Selection of the statistical methods
DiCoExpress offers a validated set of methods , based on three neutral comparison studies [17,30,31]. The idea of such studies is to design and implement a framework to generate realistic benchmark datasets with known truth to make an objective and reproducible performance assessment. Comparing normalization methods, Dillies et al. [30] showed that the RLE method implemented in the package DESeq2 [11] and the TMM method implemented in the package edgeR [10] demonstrate satisfactory behaviour in the presence of highly expressed genes. Both these methods maintain a reasonable false-positive rate without loss of power. The choice of both methods was confirmed by Reddy et al. [32] and Evans et al. [33] even in experiments with slightly asymmetric differential expression or different amounts of mRNA/cell per condition. Based on these detailed evaluations, both RLE and TMM are suitable, but we decided to choose the TMM normalization as the default method and proposed RLE as an alternative for normalization due to the choice made for the differential analysis described below.
Rigaill et al. [31] made a neutral comparison study among differential gene expression methods, including negative binomial-based, generalized linear models, and linear models on transformed data.
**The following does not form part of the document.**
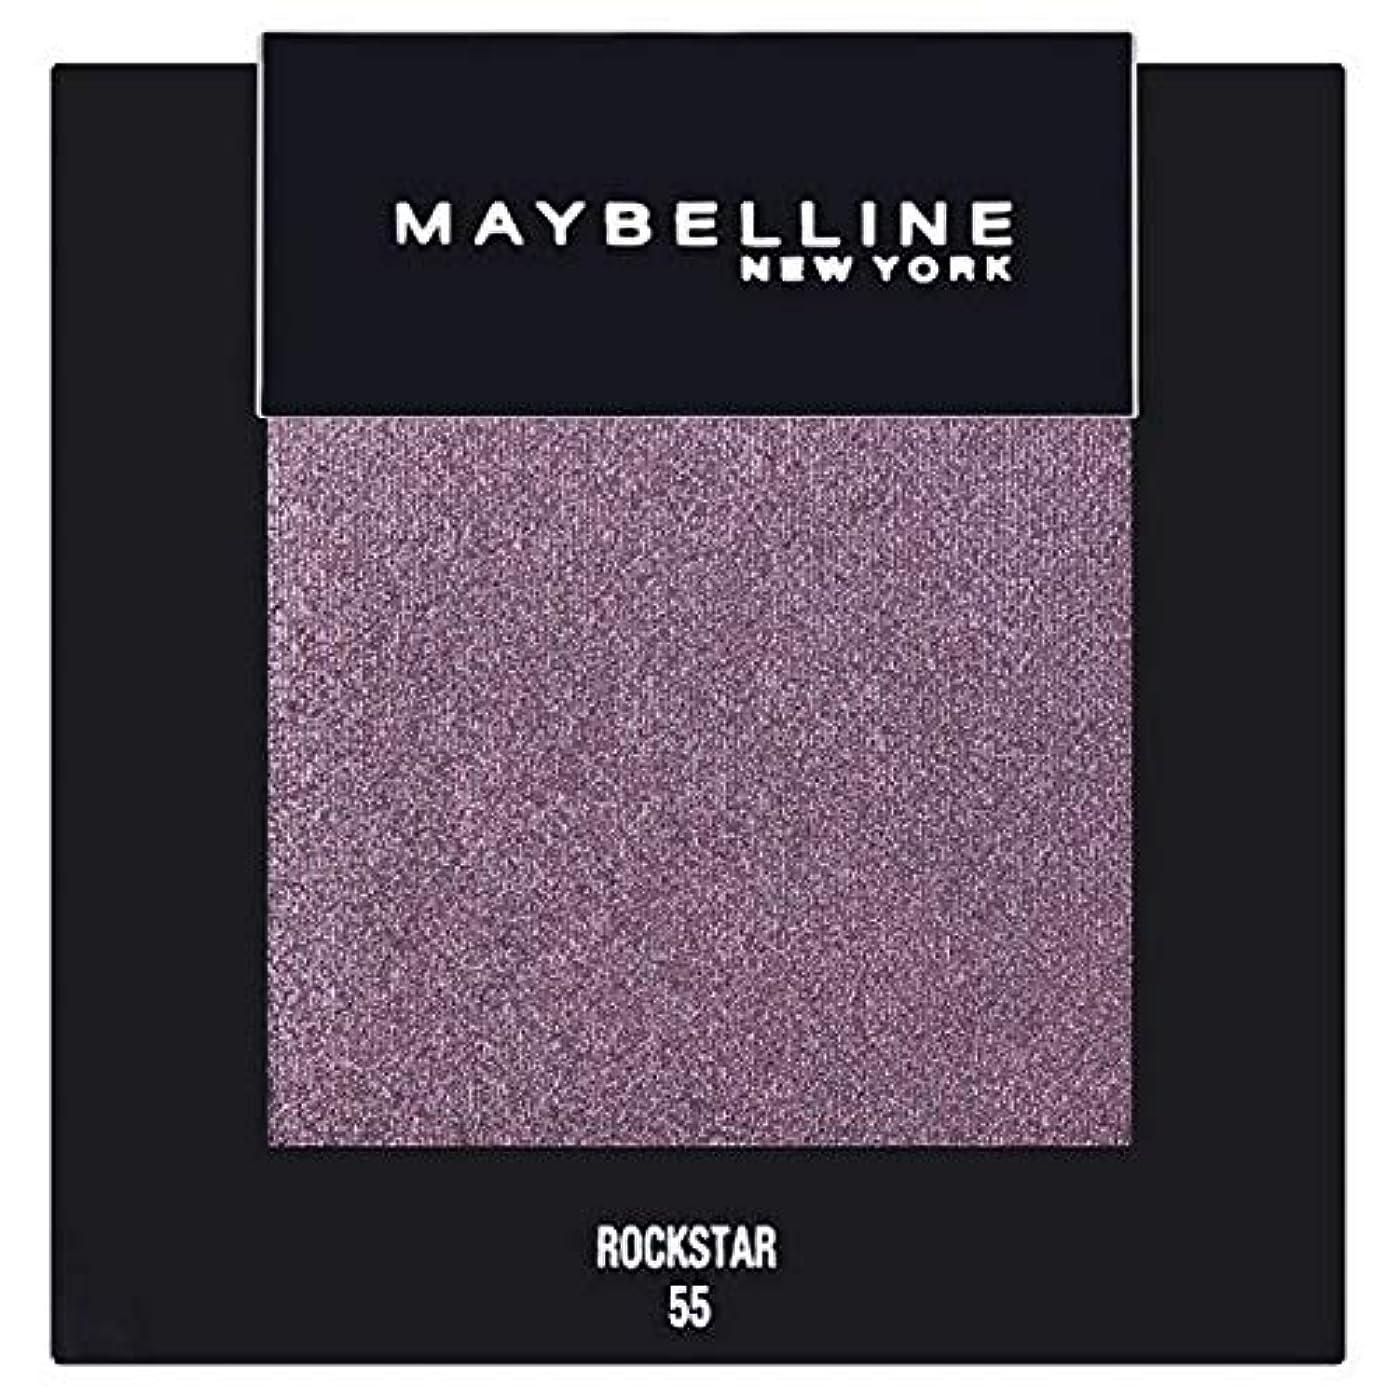 正当化するギネスイライラする[Maybelline ] メイベリンカラーショーシングルアイシャドウ55ロックスター - Maybelline Color Show Single Eyeshadow 55 Rockstar [並行輸入品]

Performance analyzes based on the p-value distributions, ROC curves, and proportion of true and false-positive rates show a clear difference of behaviour between negative binomial-based methods and the others. Linear models on transformed data or generalized linear models are consequently the most adapted for the differential analysis. Among these models, as also observed in Schurch et al. [34], when the proportion of differentially expressed genes is low, the results obtained with the method implemented in the edgeR package are more satisfying. We thus chose the statistical model implemented in the edgeR package as a method of choice for differential expression data analysis. Moreover, we propose automatic writing of a large number of contrasts in order to facilitate the comparisons between the biological conditions considered in the experimental design. This automatic writing is a real advantage because, in the available R-packages, most contrasts in GLM with interactions between two factors must be handwritten and require thus an excellent understanding of the statistical modelling.
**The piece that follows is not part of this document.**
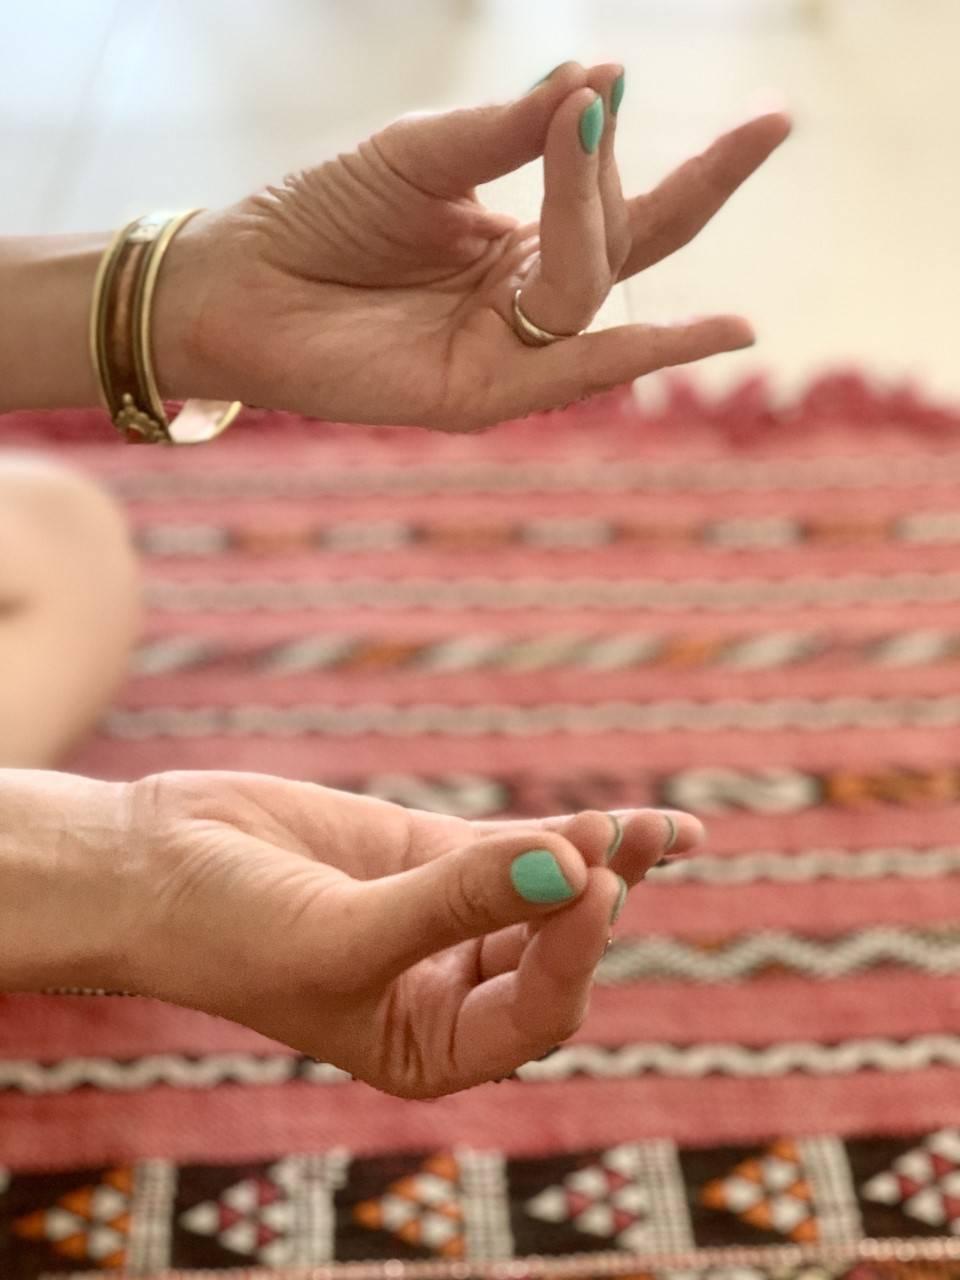 Pranaapana mudra - jak ją wykonać? Mudry dłoni pokazuje Karolina Szaciłło.

For the co-expression analysis, we preferred mixture models to correlation-based approaches. Mixture models aim at identifying an underlying structure in modelling the unknown distribution by a weighted sum of parametric distributions, each one representing a group of co-expressed genes. Gaussian mixture models were relevant for microarray data and were applied with success on several datasets [35,36]. For RNAseq data, which are discrete, Rau et al. [16] first concluded that normalized expression profiles modelled with a Poisson mixture are relevant for co-expression analysis. However, in the Poisson mixture, the dependence structure between samples is not considered and can mislead the results. To tackle this problem, they proposed then a Gaussian mixture after a transformation of the normalized expression profiles [17]. This model seems to be more suitable for RNAseq co-expression analysis by providing a proper identification of the groups of co-expressed genes because it accounts for per-cluster correlation structures among samples. For these reasons, we chose this Gaussian mixture implemented in the coseq R-package [17].
Architecture of DiCoExpress
Using these neutral comparison studies, we combined the most suitable methods for each step of a standard RNAseq analysis. The tool DiCoExpress is a directory composed of a set of subdirectories that is to be installed on a computer for analyzing RNAseq datasets (see Fig.1). The directory Data stores all the projects, and the directory Results contains a subdirectory per project with all the results of the different steps. The directory Sources contains the R functions used by DiCoExpress. Finally, the directory Template_scripts contains an R script file for each project, allowing a semi-automated data analysis where the user is guided through all the steps from normalization to co-expression analysis. With DiCoExpress, our objective is to automate the statistical analysis of gene expression according to the experimental design to ease the interpretation of the results in biological terms.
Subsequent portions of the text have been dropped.